** Entries provided follows **

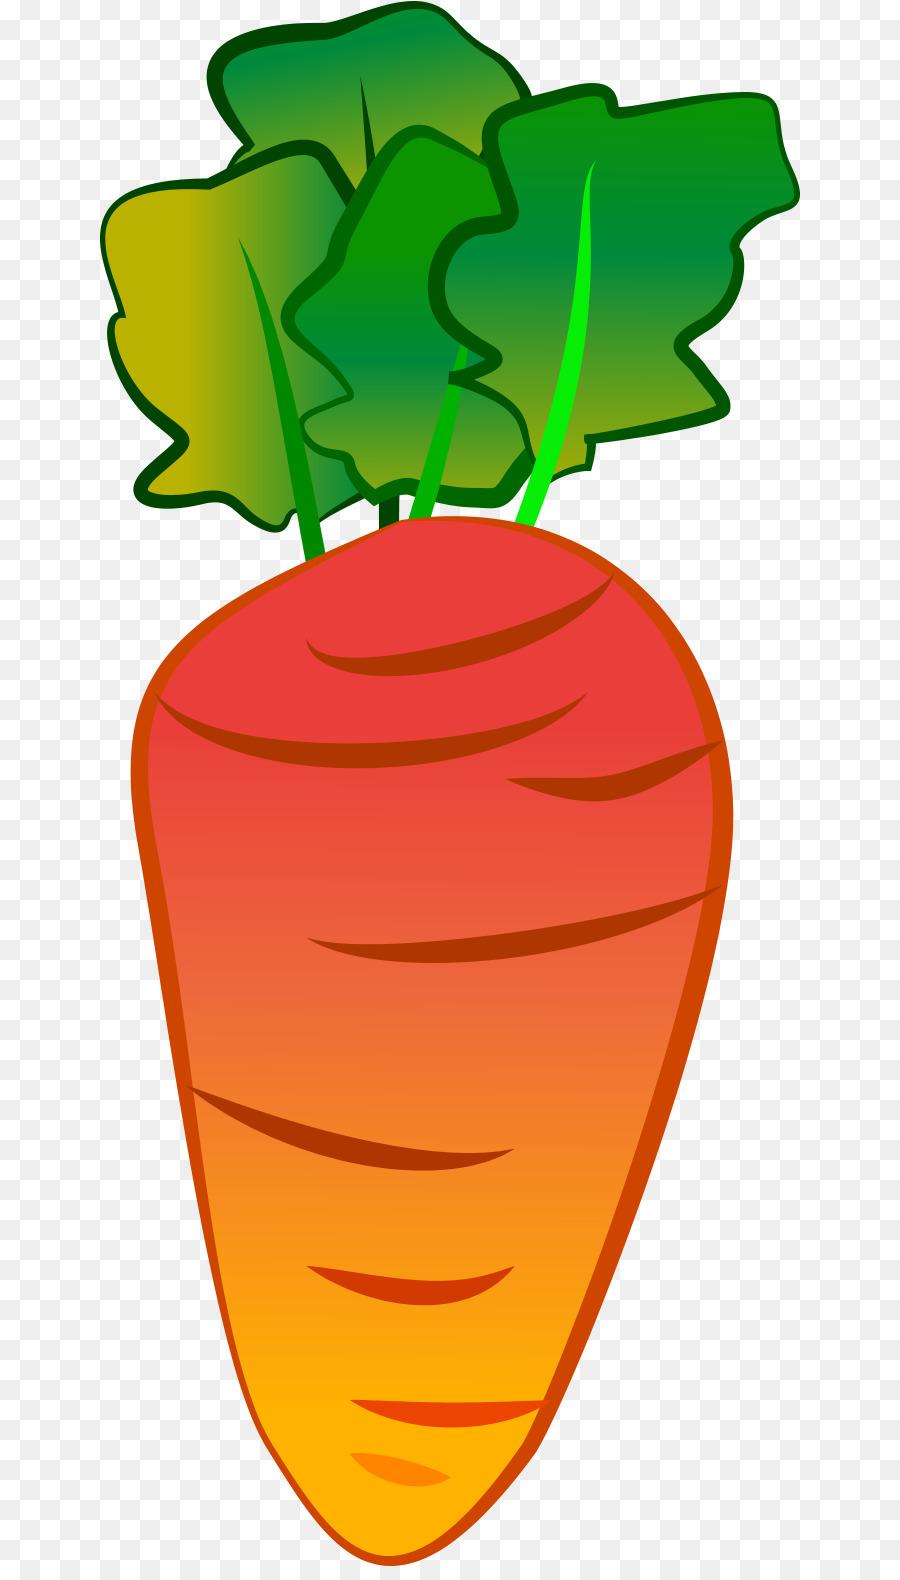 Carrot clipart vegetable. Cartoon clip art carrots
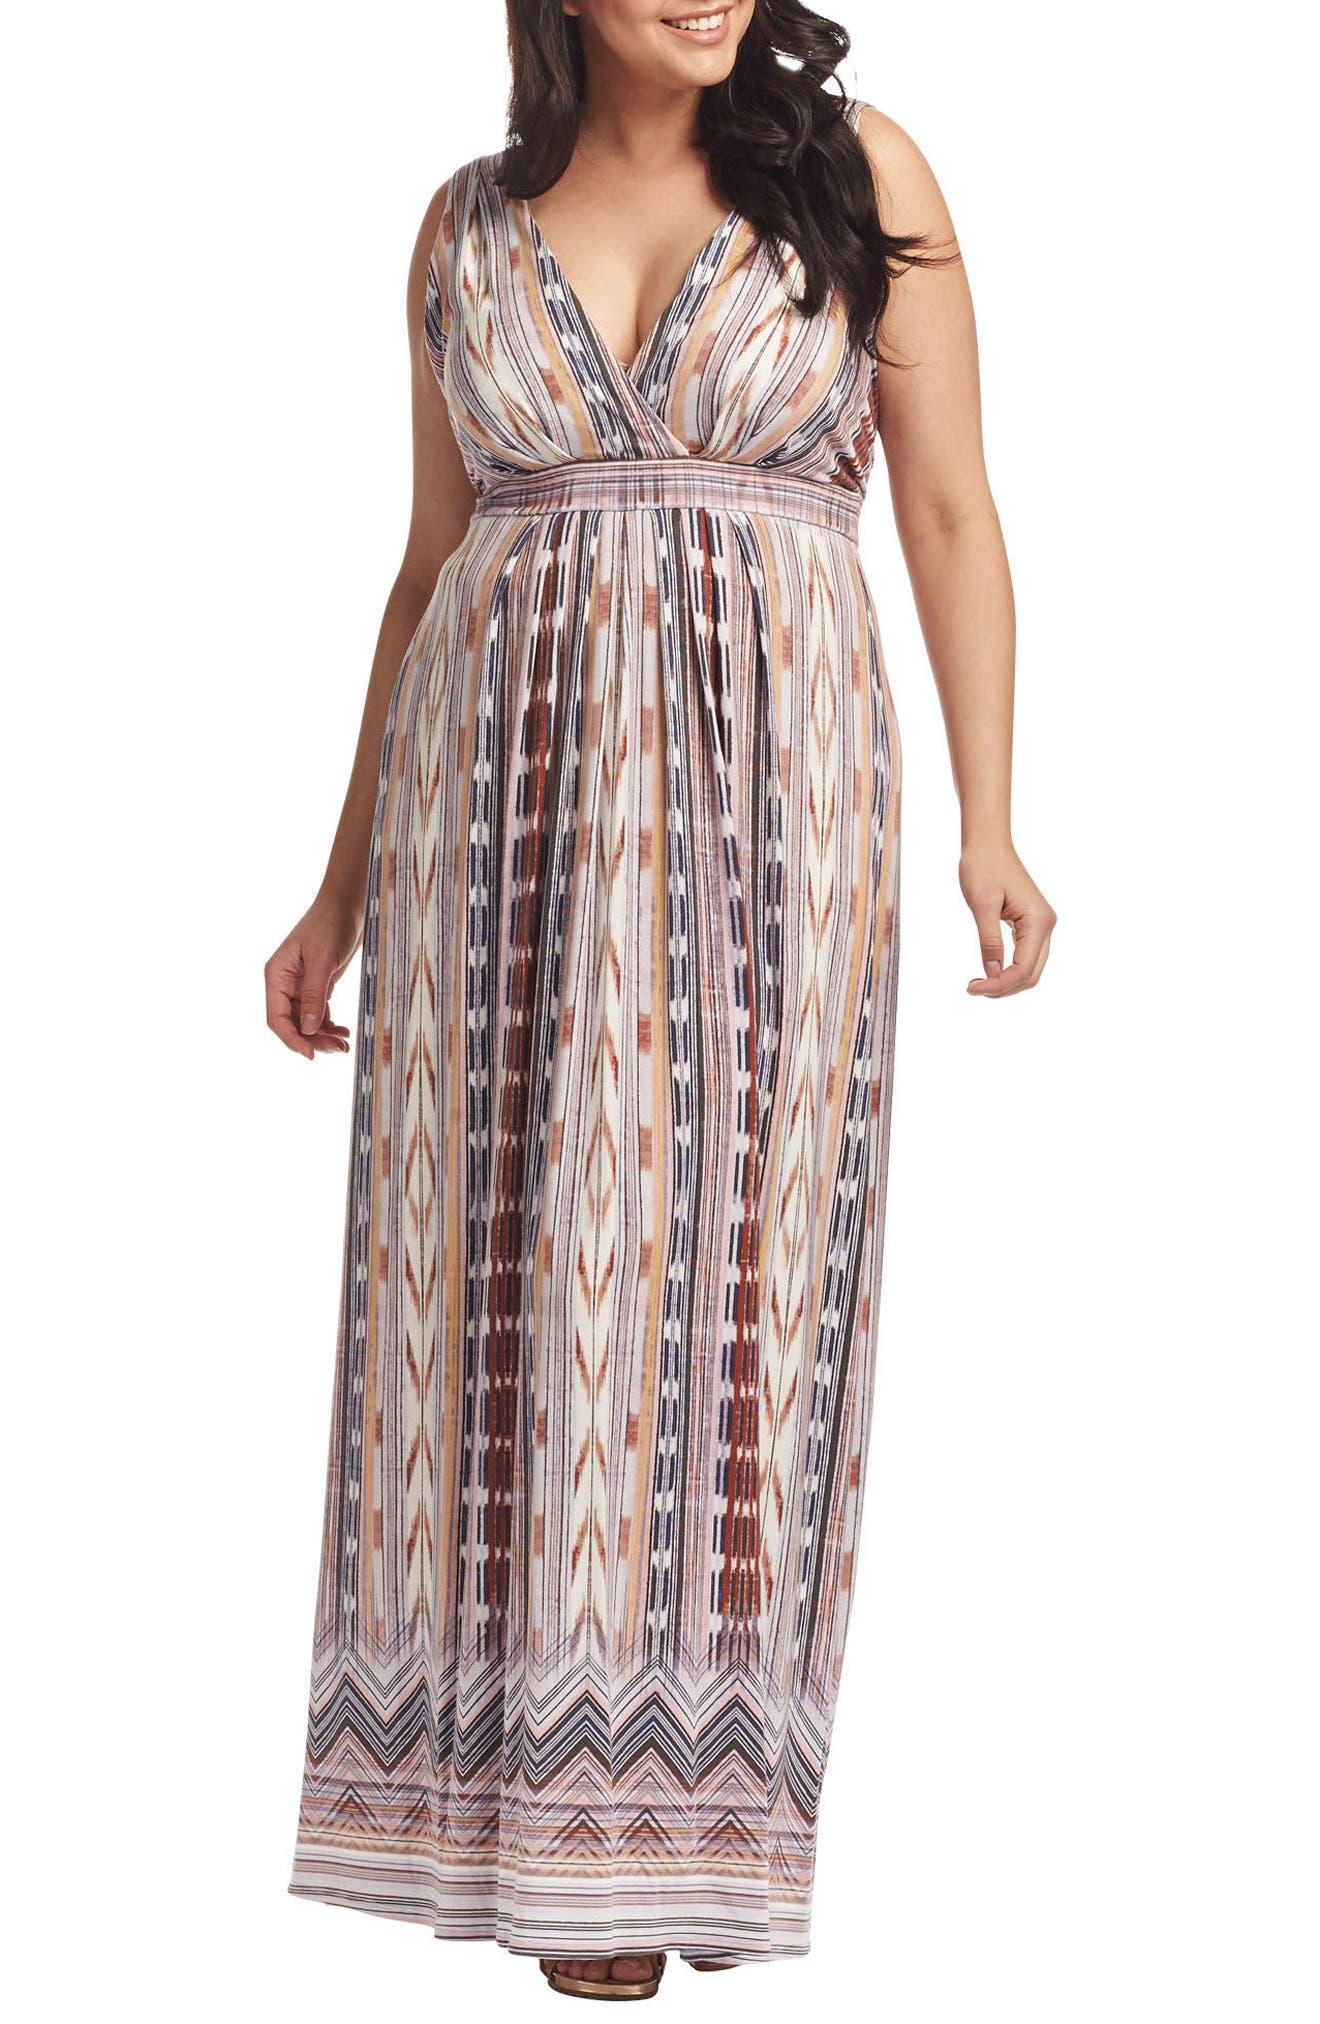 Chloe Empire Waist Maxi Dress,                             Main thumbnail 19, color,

** End of Entries provided **
** Entries provided follows **

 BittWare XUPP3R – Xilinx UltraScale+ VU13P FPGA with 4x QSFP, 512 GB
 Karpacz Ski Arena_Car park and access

** End of Entries provided **

> Problem to work on: Look above for the line with "Carrot clipart vegetable." and the line with "Chloe Empire Waist", then copy exactly the lines from the first through the second, both kept, with no pictures.

> Reply to the task:
 Carrot clipart vegetable. Cartoon clip art carrots
 Chloe Empire Waist Maxi Dress,                             Main thumbnail 19, color,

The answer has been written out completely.